**Data for this exercise**
__________

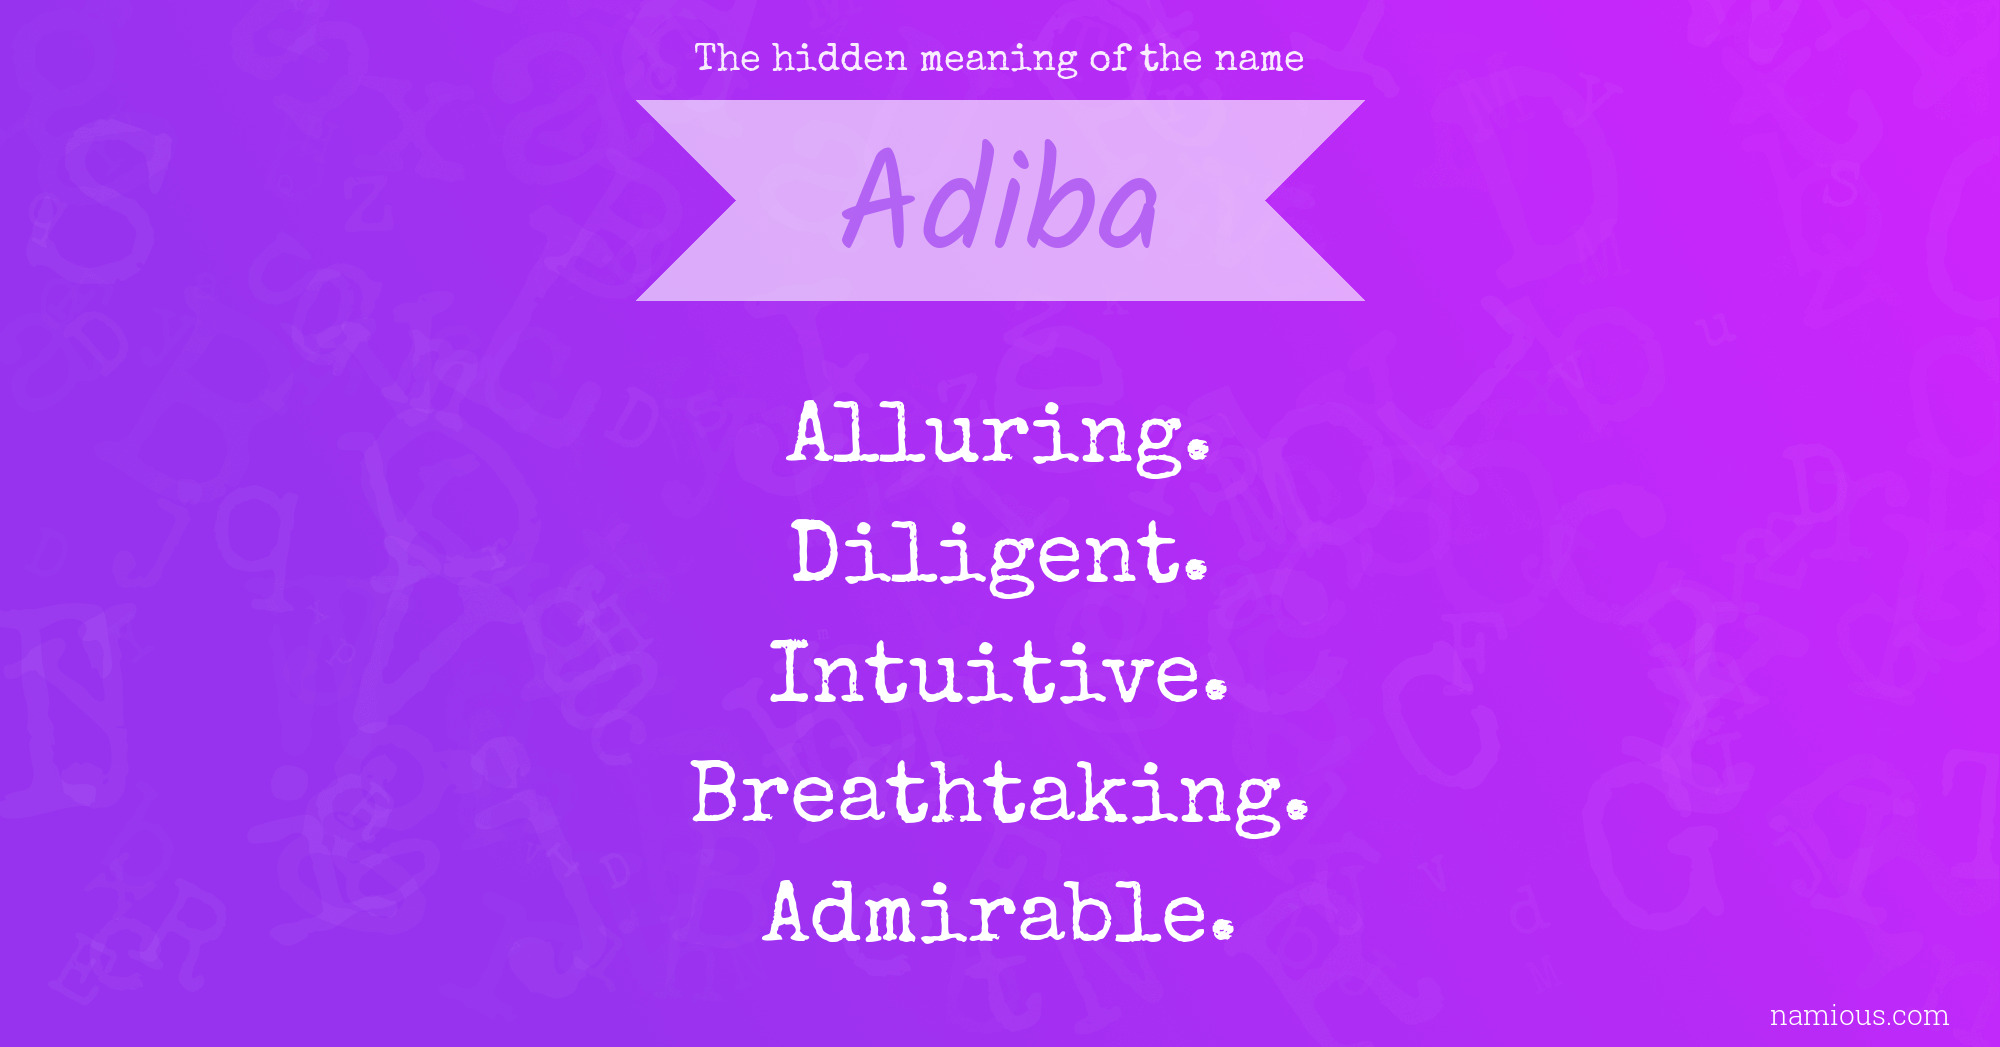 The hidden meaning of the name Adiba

__________

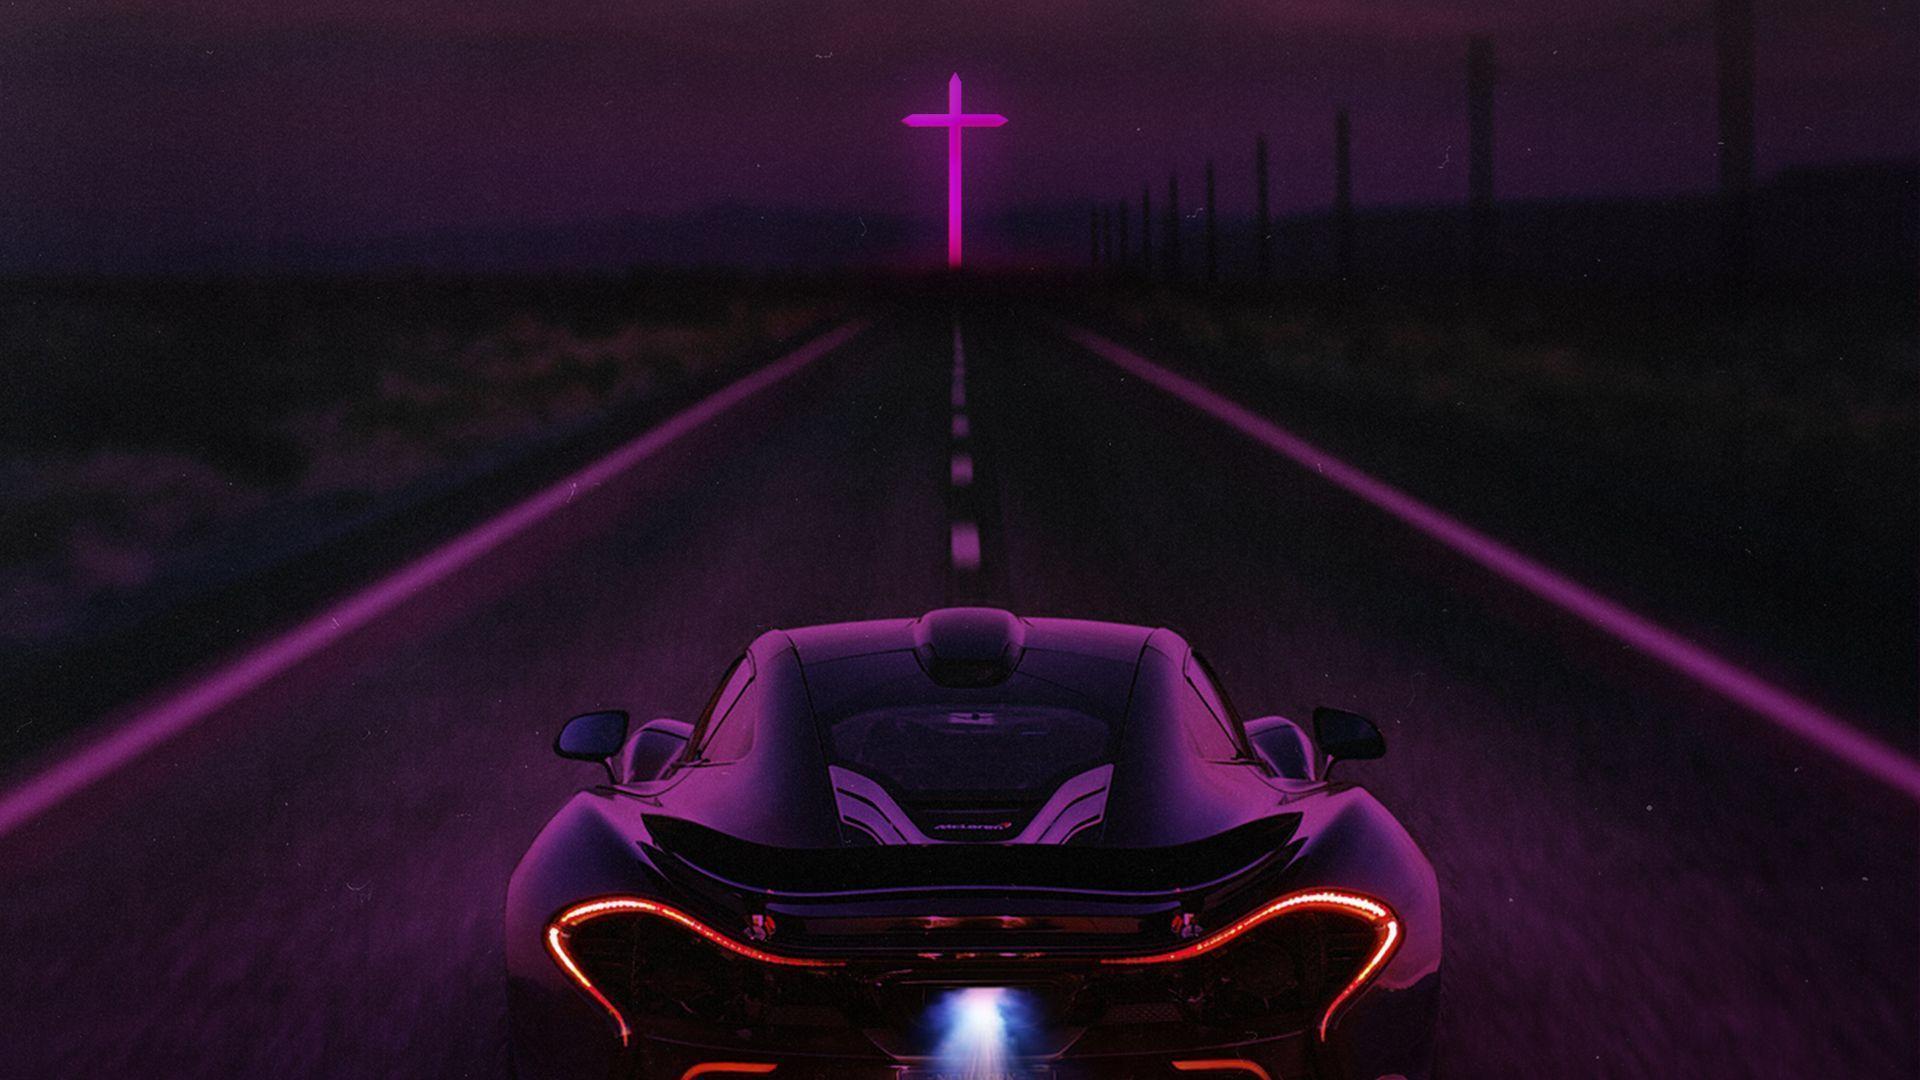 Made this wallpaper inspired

__________

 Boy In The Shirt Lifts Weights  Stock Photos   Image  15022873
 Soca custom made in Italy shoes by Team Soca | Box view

__________

**Work item**
Give only the lines from the one holding "Boy In The Shirt" through the one holding "Soca custom made", each restated exactly as it appears above.

**Solution for this exercise**
 Boy In The Shirt Lifts Weights  Stock Photos   Image  15022873
 Soca custom made in Italy shoes by Team Soca | Box view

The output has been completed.